While it is true that industrial strength symbol tables facilitate efficient lookup through the use of hash tables, etc., your key design goals here are correctness and simplicity, in that order. If you don't make use of the author's Symbol package interfaces, that's fine. Also, I'll not be overly concerned about the efficiency of your code.

Finally, it will be important for you to be able to check the correctness of your symbol table. You should therefore implement a toString method that summarizes the contents of the symbol table. Example outputs are given here.

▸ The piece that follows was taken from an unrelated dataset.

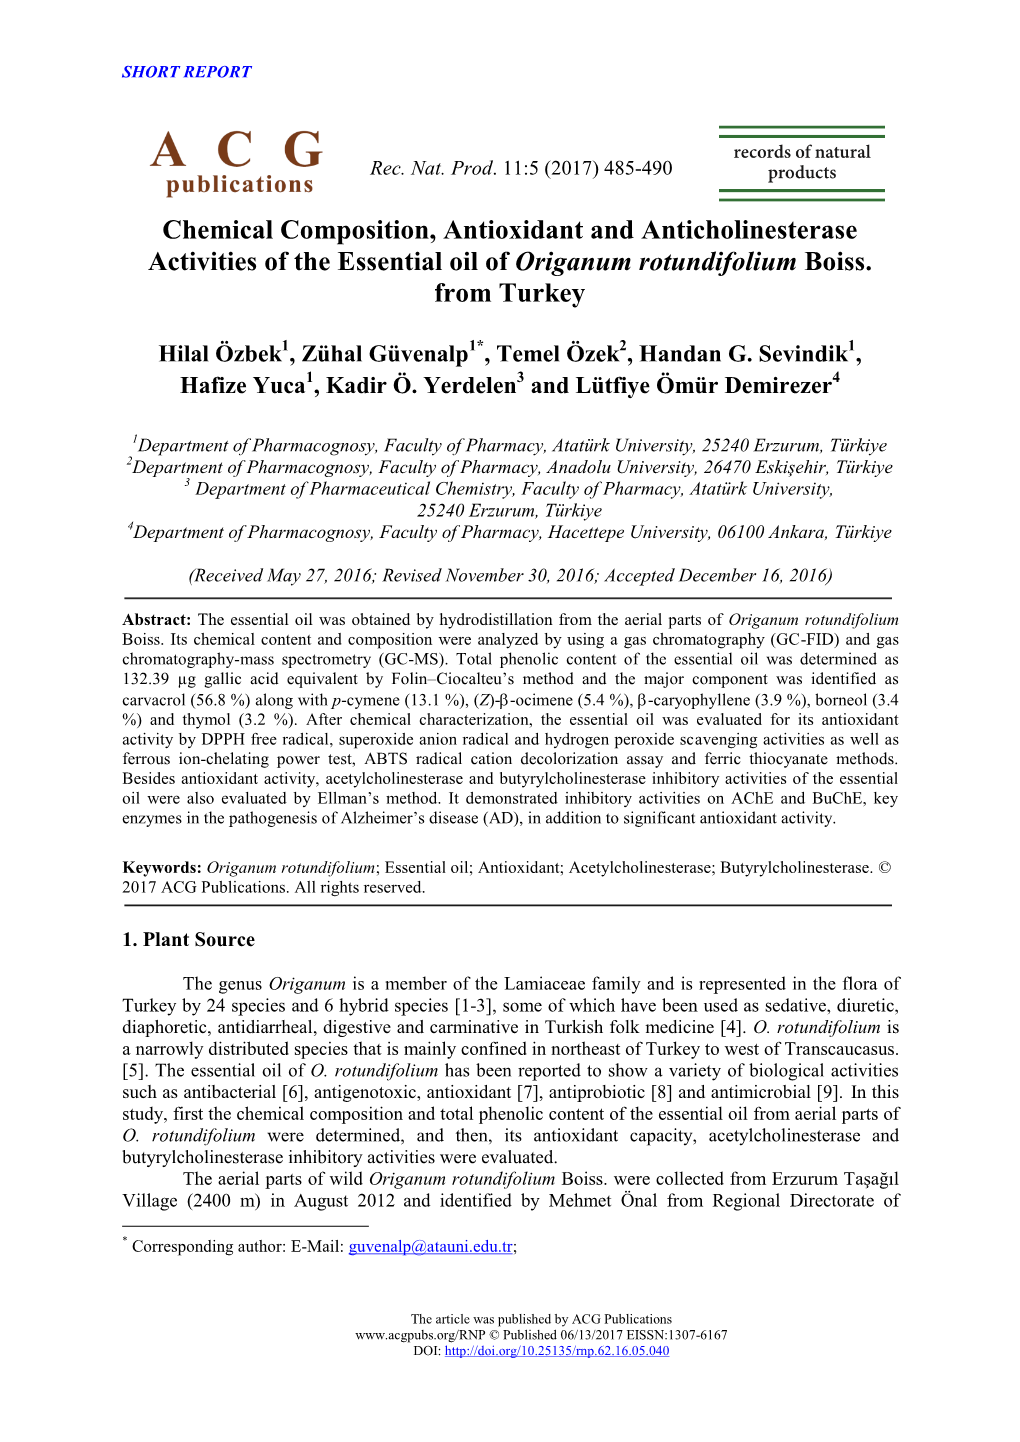 Chemical Composition, Antioxidant and Anticholinesterase Activities of the Essential Oil of Origanum Rotundifolium Boiss. from Turkey

2. Type-checking: For this part of the assignment, you'll create a visitor TypeCheckVisitor (TCV) that extends TypeDepthFirstVisitor (like DepthFirstVisitor, but returning types). TCV should be constructed with the symbolTable of the BSTV. Again, to make this easy and reduce the amount of parameter passing, you're encouraged to keep track of the current class and method as BSTV fields. You'll only need to visit parts of the tree that are relevant to type-checking. For example, a variable usage is relevant, but a variable declaration is not. Here is a sampling of possible MiniJava type-checking errors:

Return expression does not match return type for method ____
If statement condition must be of type boolean
Type mismatch in assignment to ___
And right side must be of type boolean
Multiplication left side must be of type integer
Argument ___ of ___.___ must be of type ___

Each of these errors can be implemented as a "System.err.println" message followed by "System.exit(1)". Finally, you may wish to divide the classes within the visitor into two categories, ones that return Types (e.g. expressions), and ones that don't, returning null (e.g. statements).

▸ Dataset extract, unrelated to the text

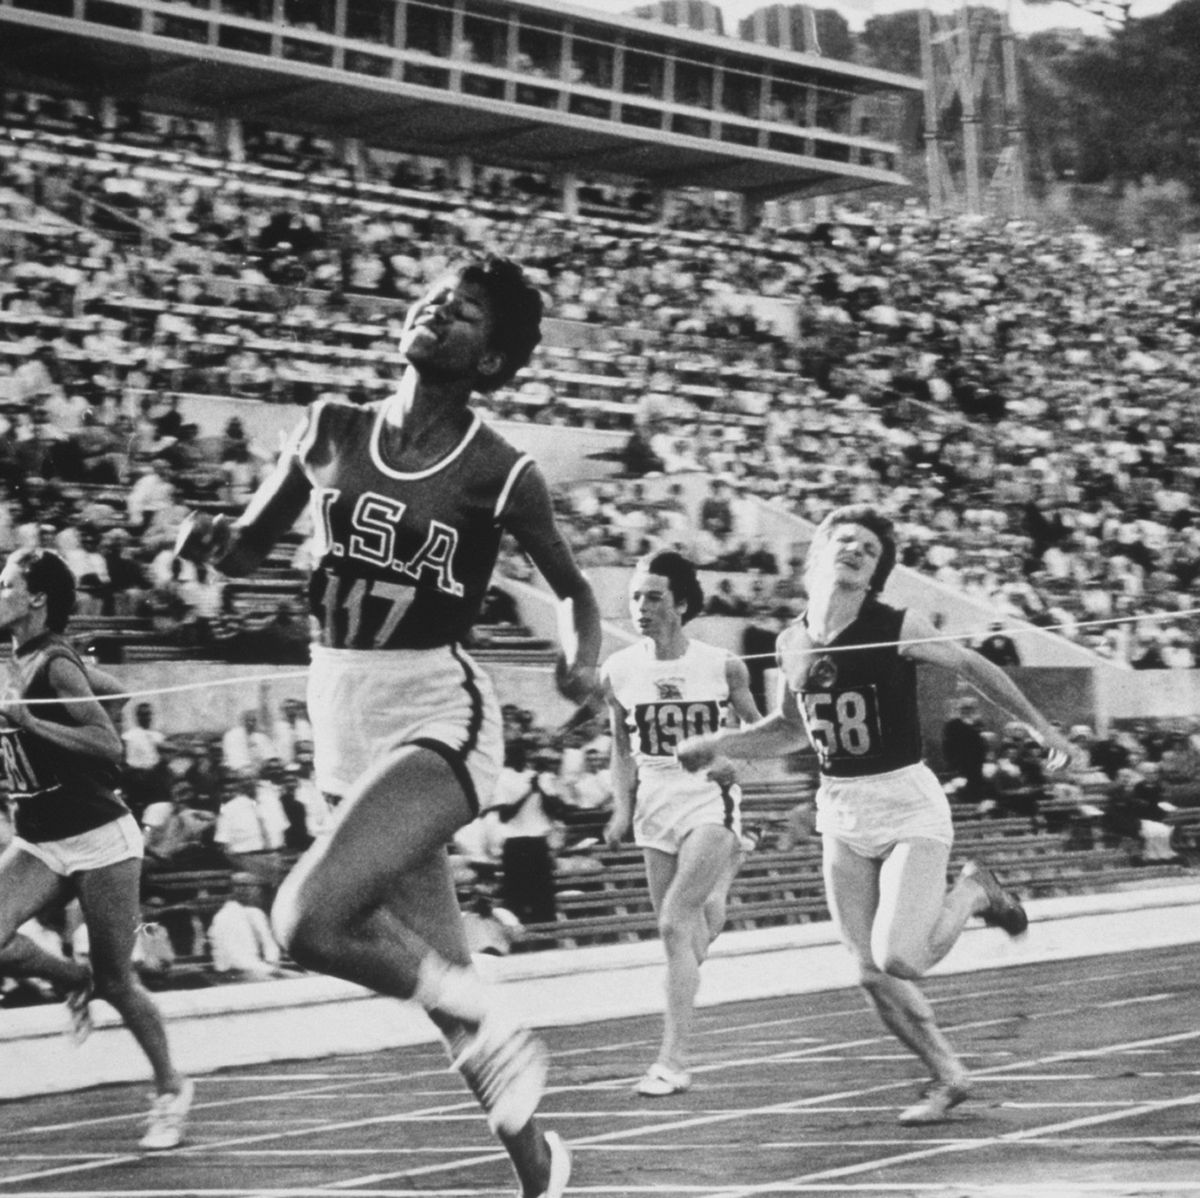 wilma rudolph of the usa

Supplemental Chapter Comments

(These comments are to supplement your reading. Question(s) asked are for you to think about on your own and need not be turned in with the homework.)

5.1: It should be noted that symbol tables do not merely map symbols to types. Symbols are mapped to bindings which are whatever we want them to be for a given language or scope. For instance, a simple local variable i may map to the type "int", but a class C will map to a binding which keeps track of fields and methods. Later on, we'll want to (1) know how an objects fields are laid out in memory, and (2) set/get labels that indicate the beginning of the assembly code for each class method. Think of the symbol table as a data structure which keeps track of identifier information throughout the compilation process. Figure 5.7 is the most important to grasp in this chapter.

5.2: <insert flame here> It's unclear how the first-phase example Program 5.8 is related to the interface of Section 5.1. For our purposes, you'll think of the MiniJava symbol table as having the structure of Figure 5.7. Scoping is rather simple in MiniJava. Variable references occur only in method statements. In such scope, one can refer to a method's locals and parameters, classes, and their methods. One cannot refer to object fields (which could be accoessed through getter methods). All local declarations are at the beginning of a method, so there is no nesting of scopes. More details on how to type-check MiniJava are given in the assignment above.